INSTRUCTIONS FOR THE TASK: Locate the line containing "programming and gf" in the material below. Copy that line and all following lines through the end exactly, omitting any pictures.

SOURCE MATERIAL:
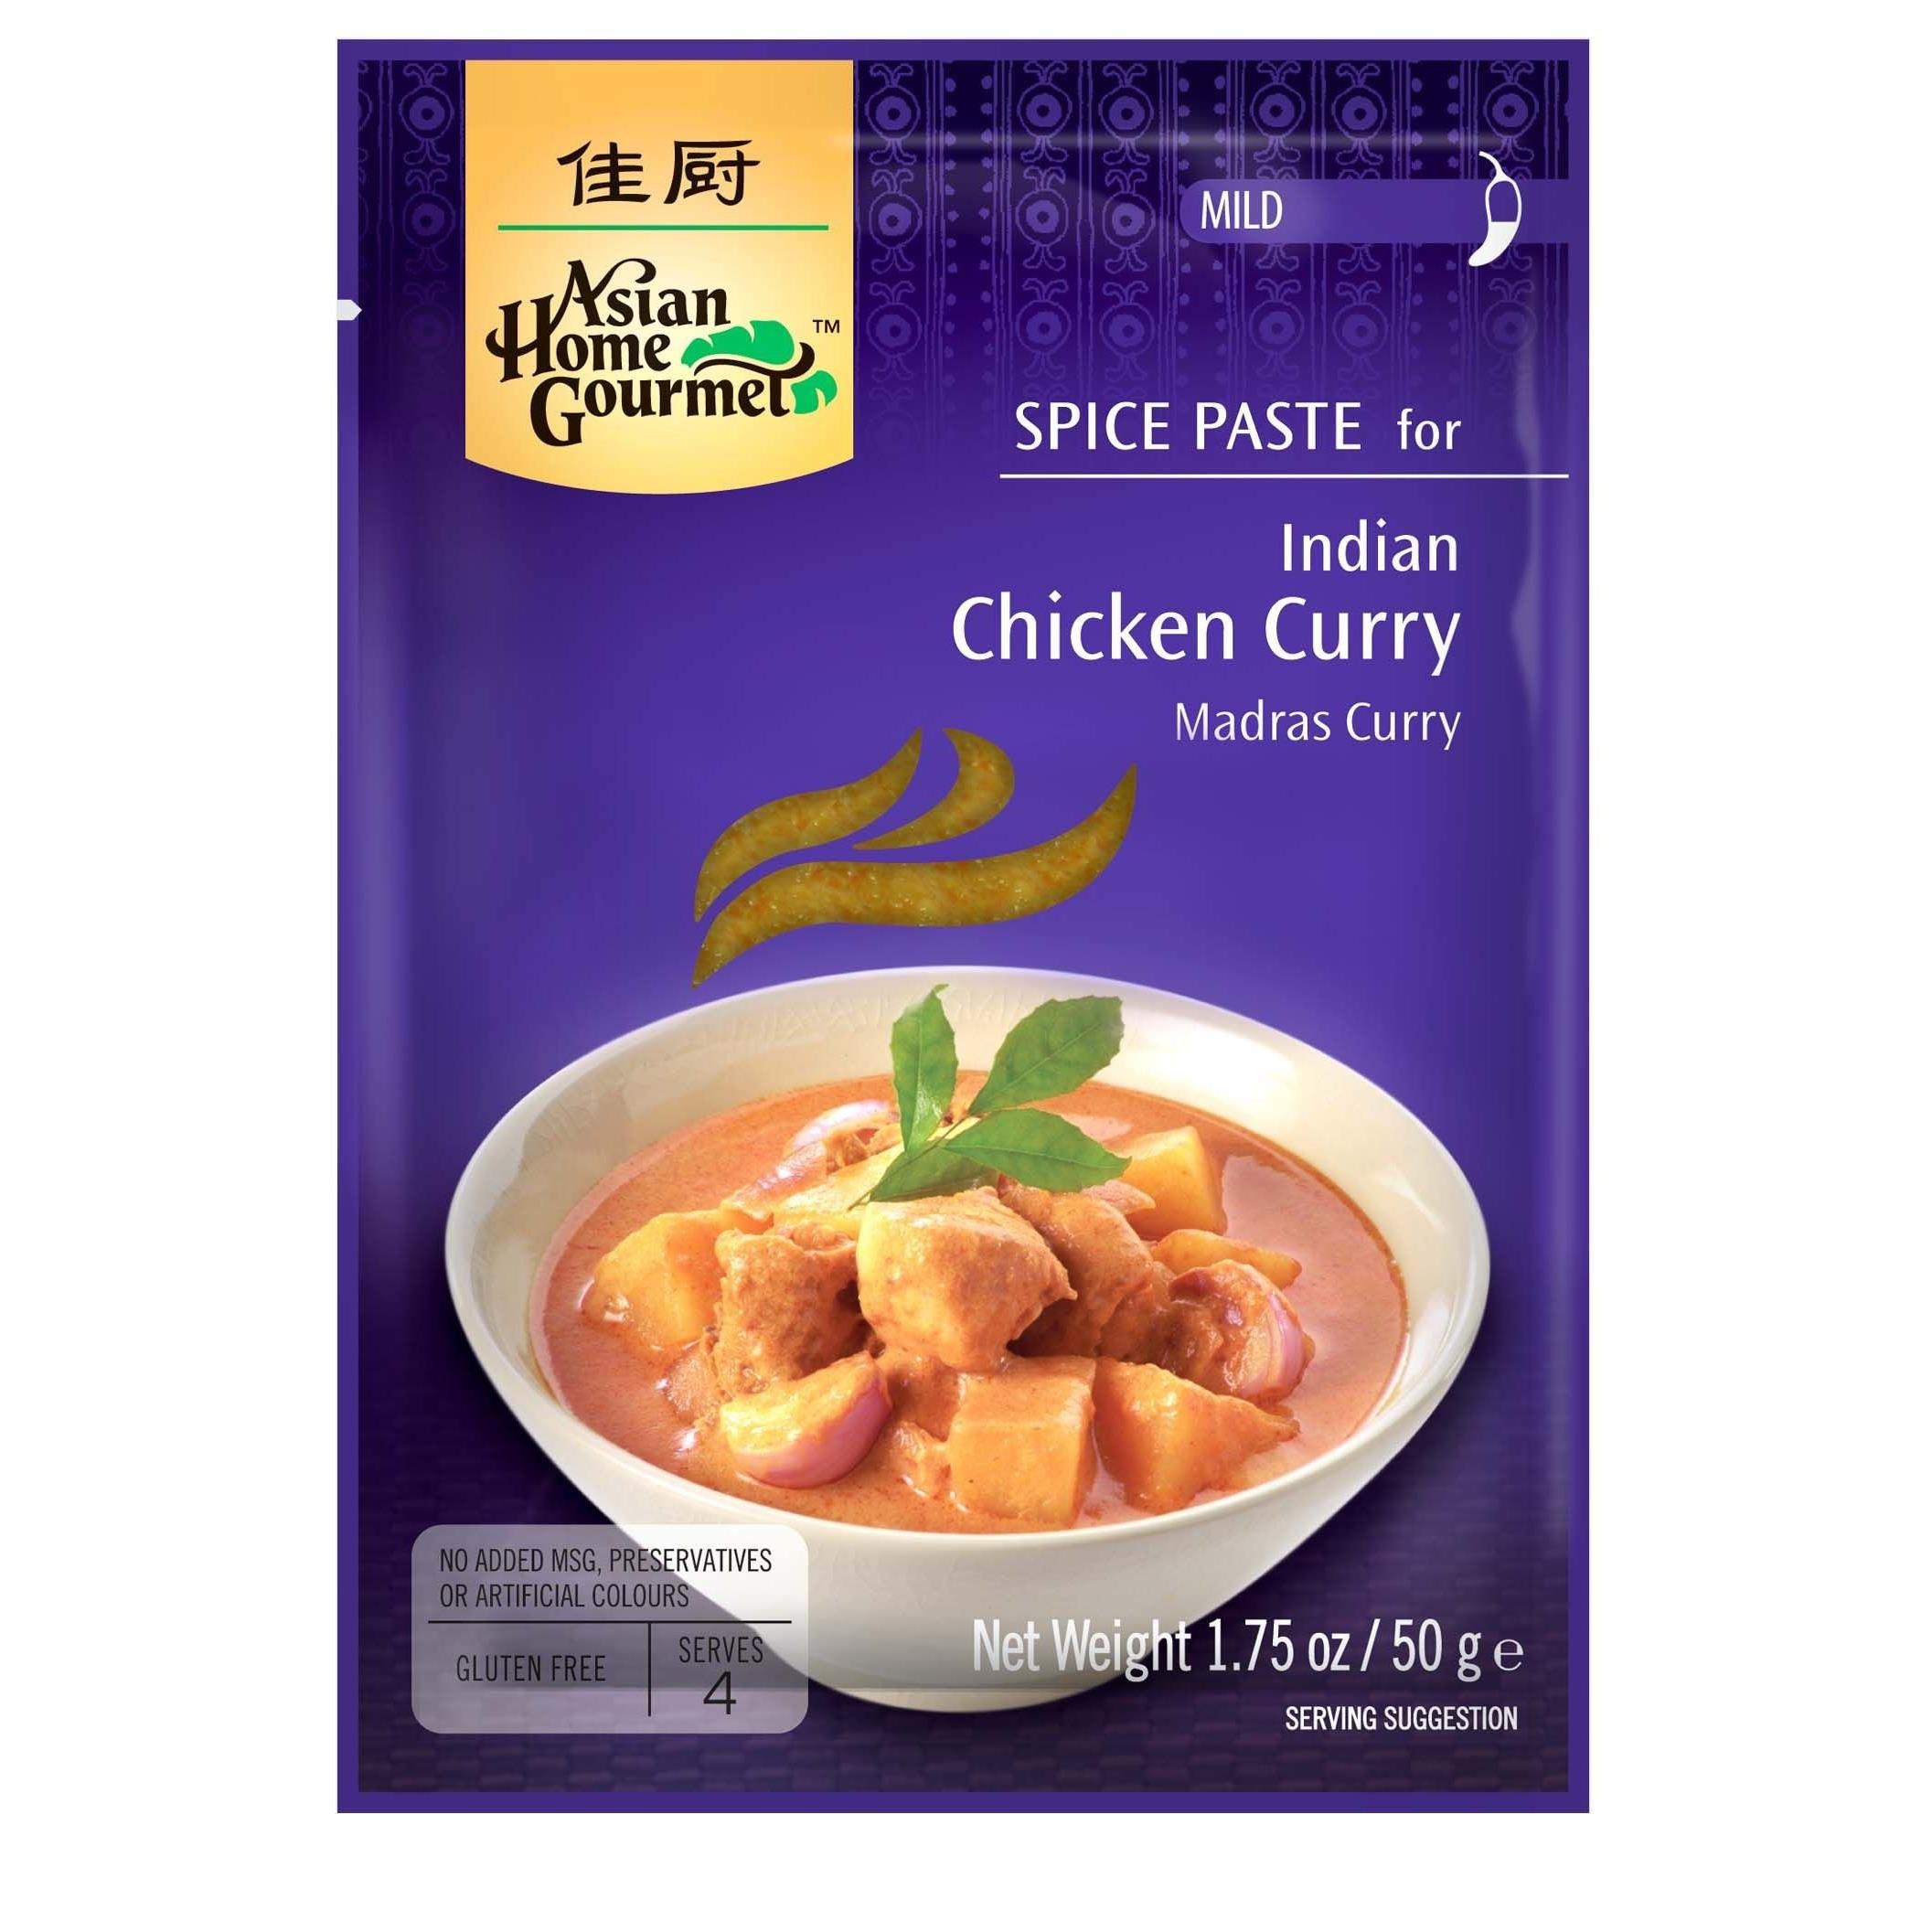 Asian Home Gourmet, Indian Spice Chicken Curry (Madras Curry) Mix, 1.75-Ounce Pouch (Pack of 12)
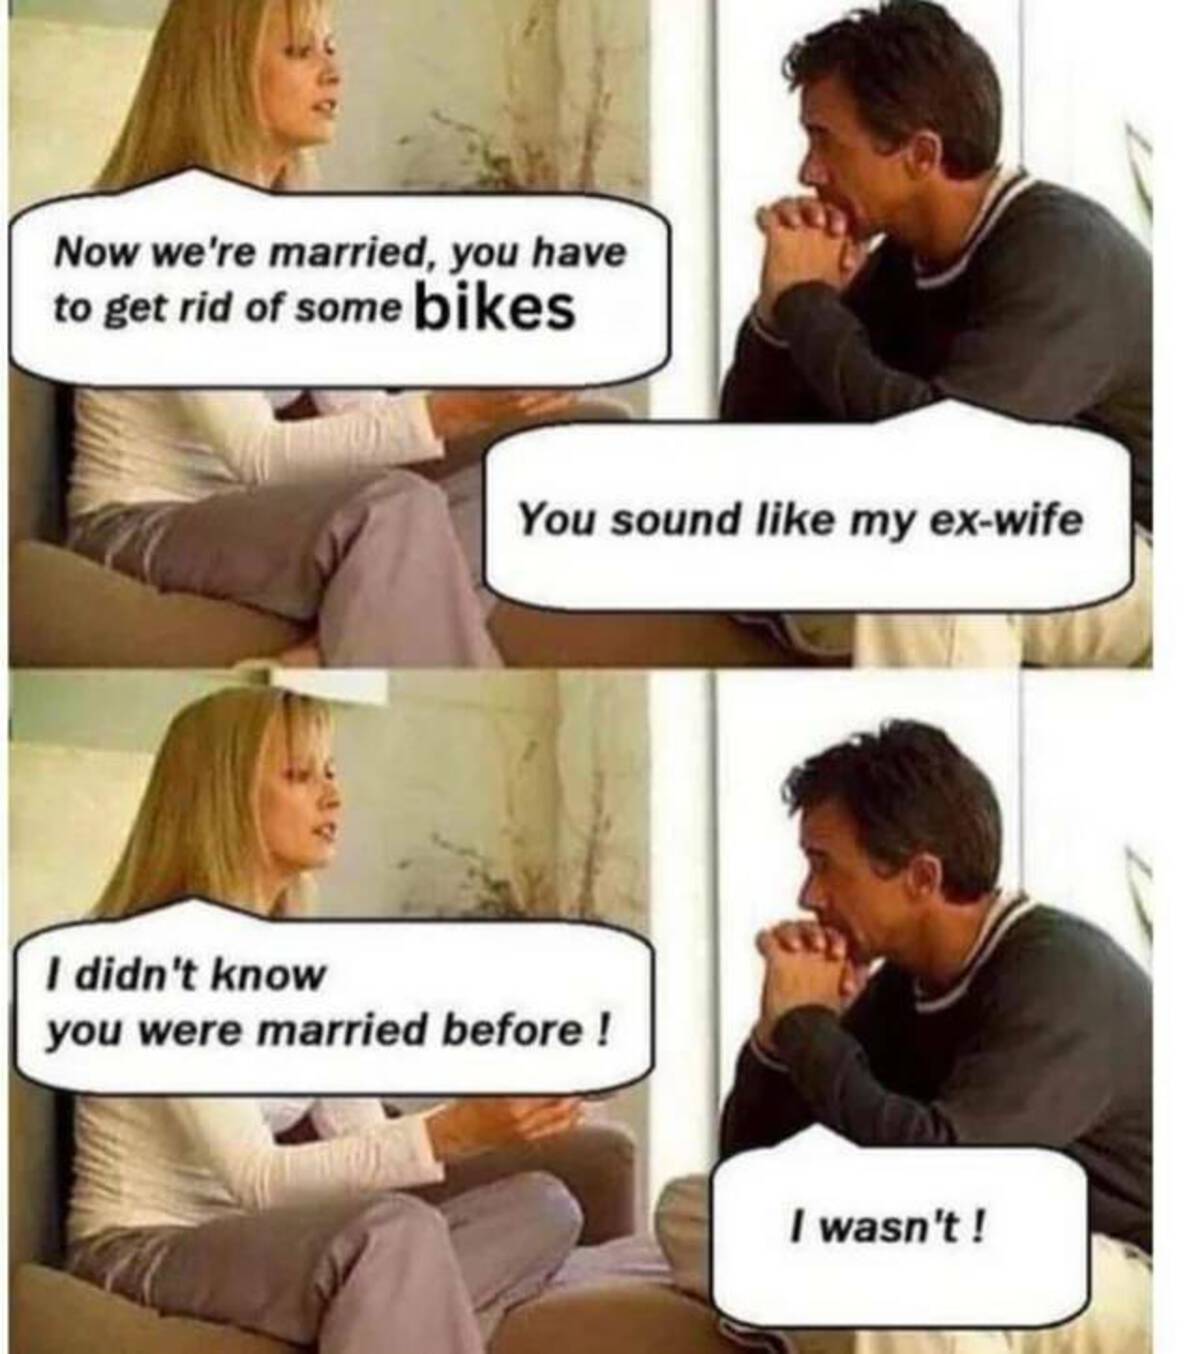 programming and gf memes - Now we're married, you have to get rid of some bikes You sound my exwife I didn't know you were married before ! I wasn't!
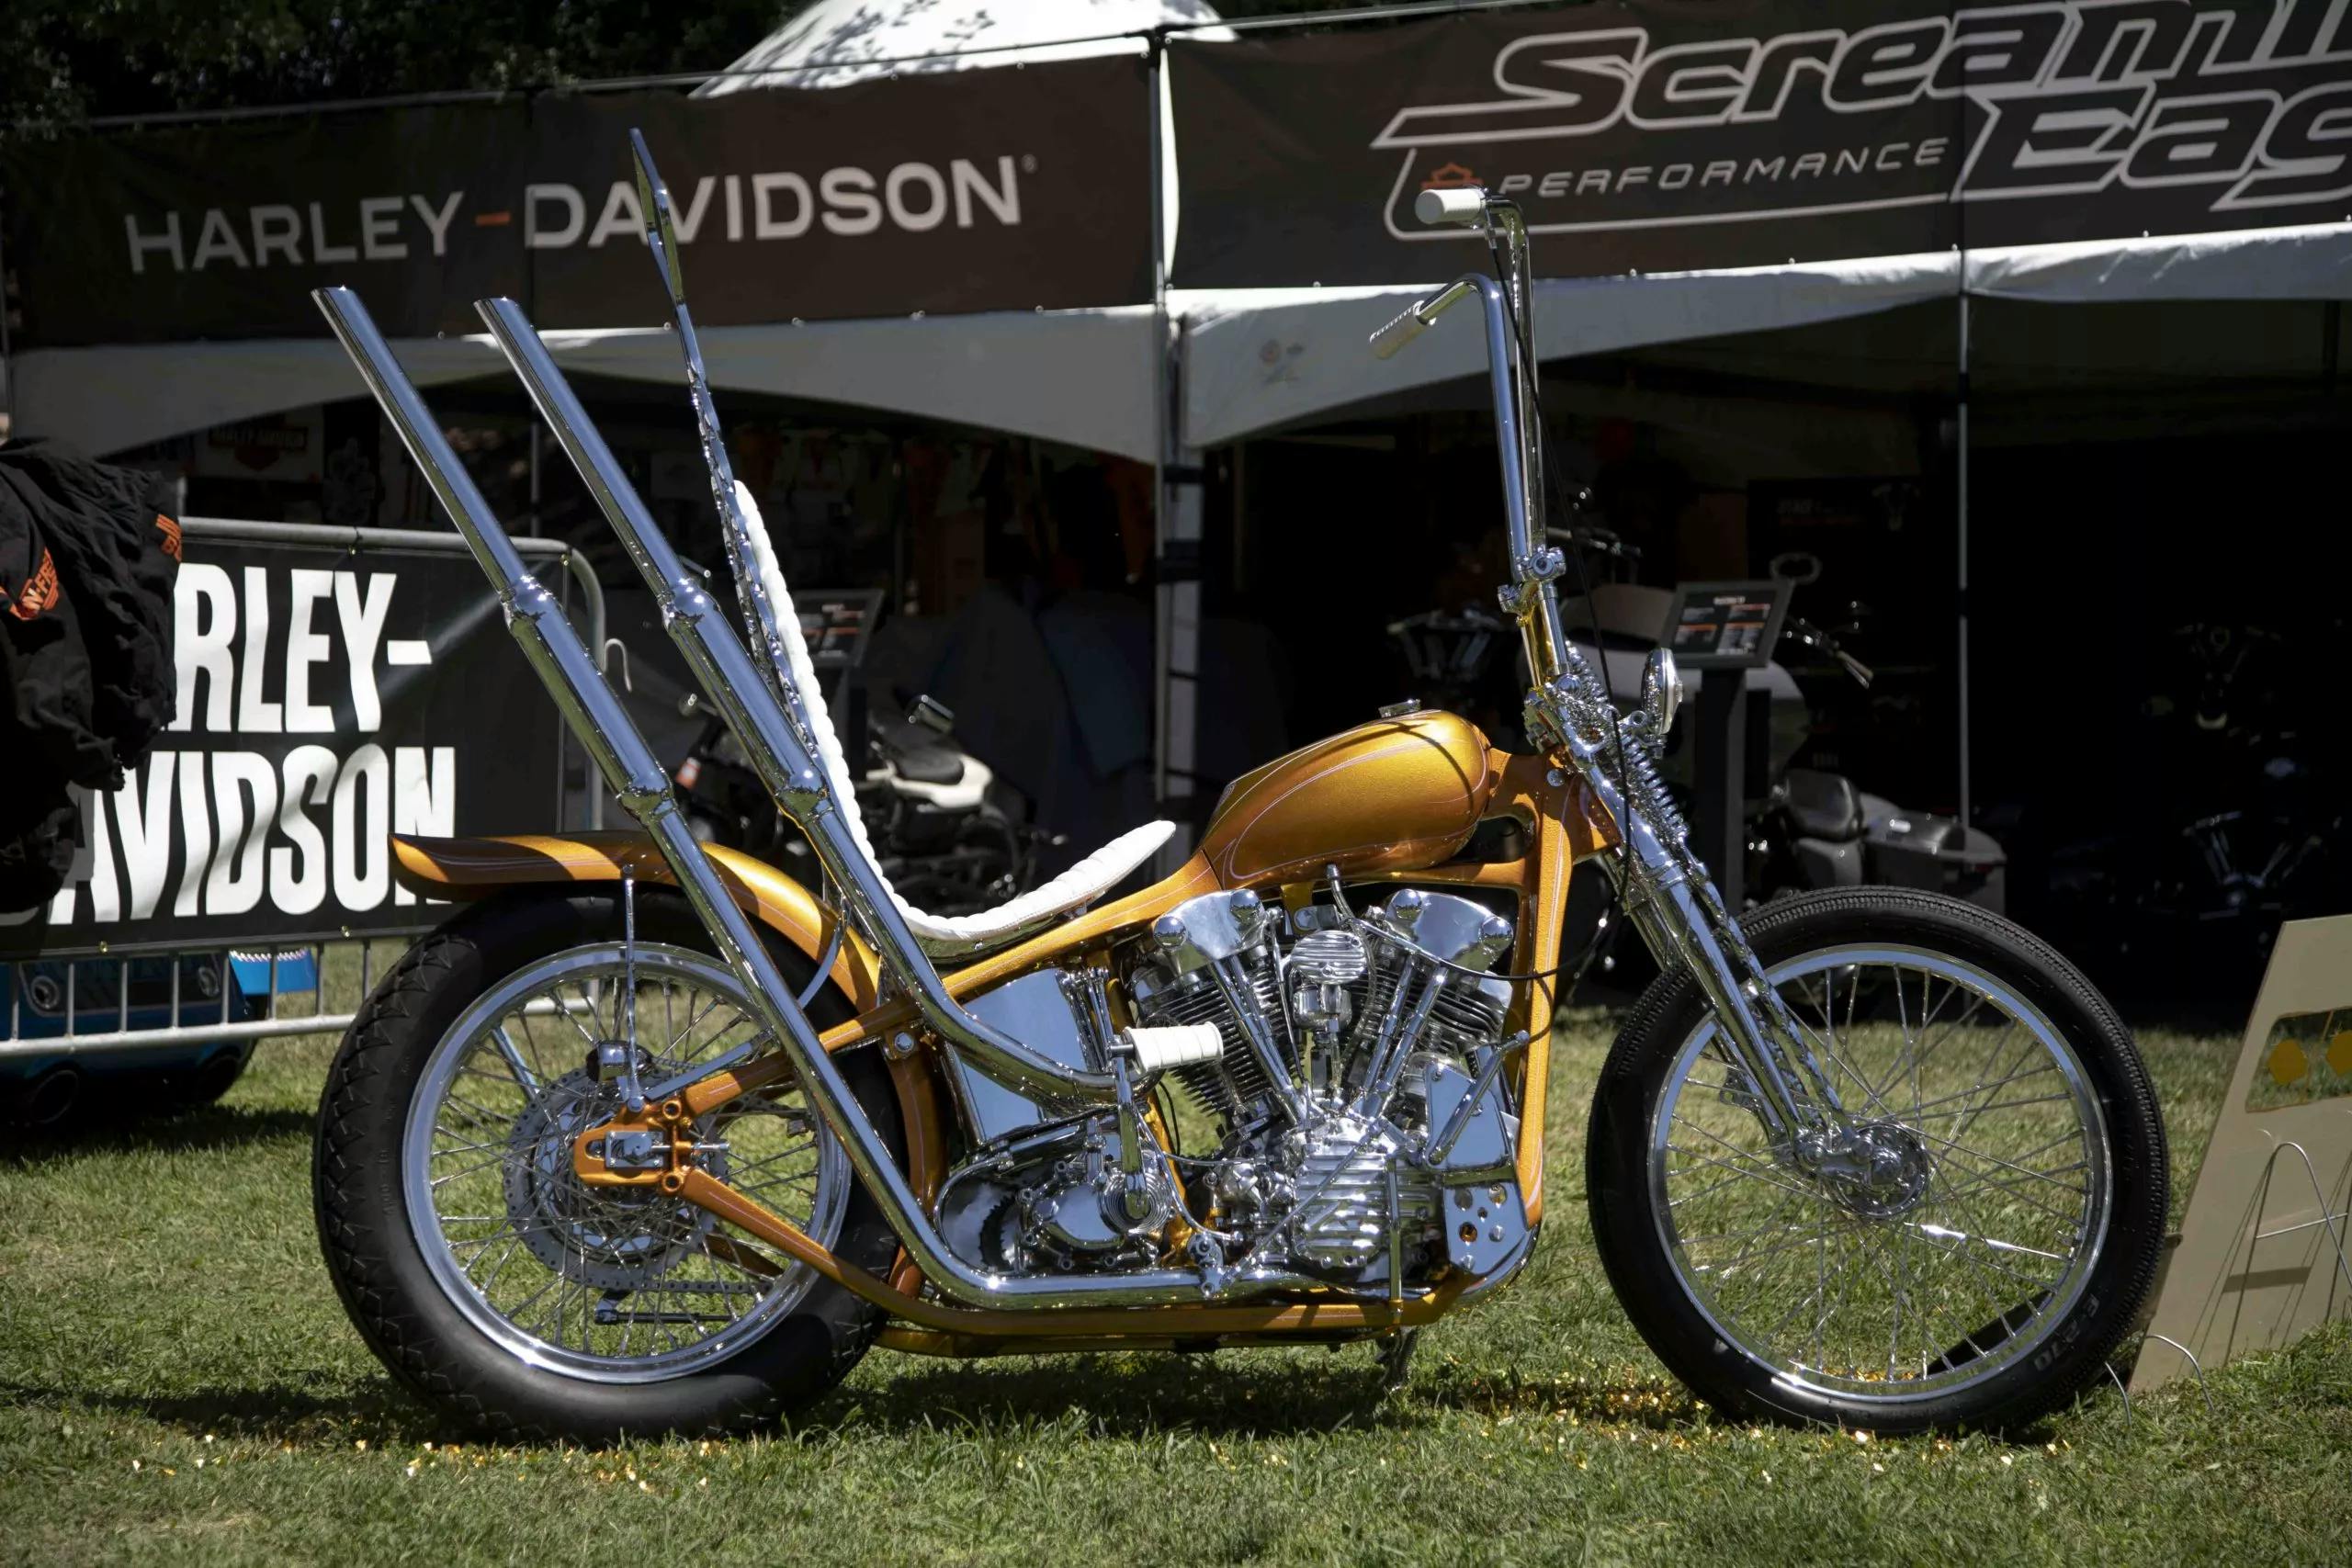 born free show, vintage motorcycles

EXERCISE SOLUTION:
 programming and gf memes - Now we're married, you have to get rid of some bikes You sound my exwife I didn't know you were married before ! I wasn't!
 born free show, vintage motorcycles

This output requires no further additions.